Envoy by Tom Vaughan

-Reviewed by Judi Sutherland-


Tom Vaughan is not this poet’s real name, but a pseudonym necessitated by his job in Her Majesty’s Diplomatic Service, where discretion was his trade. I’d be surprised if he gives many readings of his work. What we can deduce from his poems is that he has worked in Washington DC, as well as in some of the most troublesome trouble spots in modern political life: Egypt, Saudi Arabia, Jerusalem, Zimbabwe and Afghanistan feature in these poems.

The opening poem ‘The Empty Quarter’ seems to be a personal statement on his retirement, addressed to his wife, hoping that the two of them will ‘start a journey too long put aside’. One can imagine that a job like Vaughan’s would be all-consuming, and that the price of such a fascinating career is largely paid by the diplomat’s family.

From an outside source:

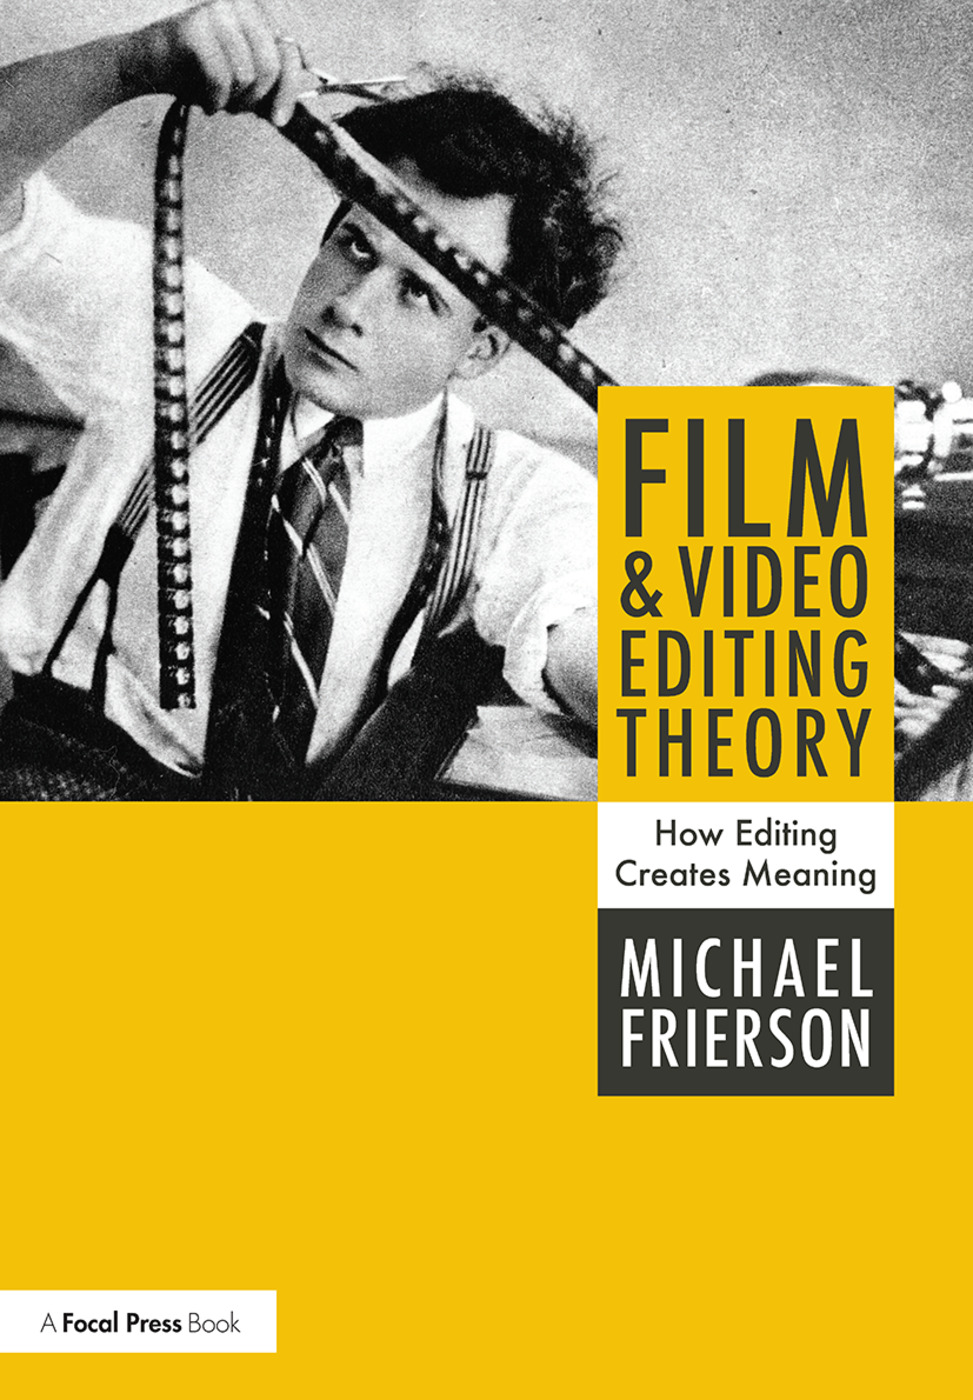 Film and Video Editing Theory: How Editing Creates Meaning book cover

Vaughan inhabits a range of poetic styles. There are quite a few formal poems, neatly rhymed and metred, that present a voice somewhere between John Betjeman and Wendy Cope. This style works best when deeply ironic. There are even touches of Emily Dickinson’s philosophical style, for example, in ‘Appropriate’, where he picks a neat hole in the language of diplomacy:

Appropriate measures may be used…
appropriate forces sent.

Appropriately you’ll never know
exactly what we meant.

In more serious poems, the full end-rhymes are less successful. In ‘The Muslim Graveyard, Tel Aviv’ the five-line stanzas have a rhyme in the fourth and fifth lines, which gives the poem a glibness it could do without. But he’s back to his mercilessly sardonic self with ‘The Land of the Turtles’ which rattles along like a Victorian monologue; Kipling, or Gilbert and Sullivan, perhaps. I just can’t work out where it is about, but maybe that’s deliberate.

It’s when Vaughan moves away from this whimsical style that the poems become much more powerful, and everything goes a little bit John Le Carré.  ‘Instructions’ packs a visceral punch. It begins:

You are to go to some invented land,
master its language, absorb its history,
identify what might go wrong, what might be used,
and buy important people.

There are one or two pieces of jargon I had to look up. ‘Briefing’ asks if there is ‘any Zoë Baird stuff’ which I managed to clarify, and references ‘the Cisneros thing’, which I didn’t, but that’s ok, it gives the reader a feeling of being in with the in-crowd. The more subtly rhyming ‘Baggage Reclaim’ provides a shock – the narrator puts a hypothetical question about what to do if one ‘took the wrong suitcase’ / and found inside a million quid’:

Or if (mistake?) you took the wrong suitcase
and found inside a stack of cash, would you
decide it was your lucky day? Why chase

the crook it must belong to?

Even more intriguingly, in ‘At the King David’, our correspondent witnesses a meeting between Tony Blair and Shimon Perez in Jerusalem, where the specific details ground the incident in reality: ‘I looked out from the sixth floor at the view / of the Old City sparkling like a gun’ he tells us, and it is totally convincing.

There is a wonderful portrait of a work colleague in ‘Out of Africa’, some thoughts on the economics of spying in ‘Pact’, the feeling of being a lame duck at the end of a posting in ‘Leaving Washington’, and the collection ends with a grim elegy to Britain’s involvement in Helmand.

After reading this fascinating collection, the reader is left with the impression that Vaughan’s poems only scratch the surface of a hidden world. I’d love to invite Vaughan (and his long-suffering wife) to dinner, to hear more about what happens in our name at the Foreign & Commonwealth Office. I suspect that ‘Tom Vaughan’ could tell us, but then he’d have to kill us.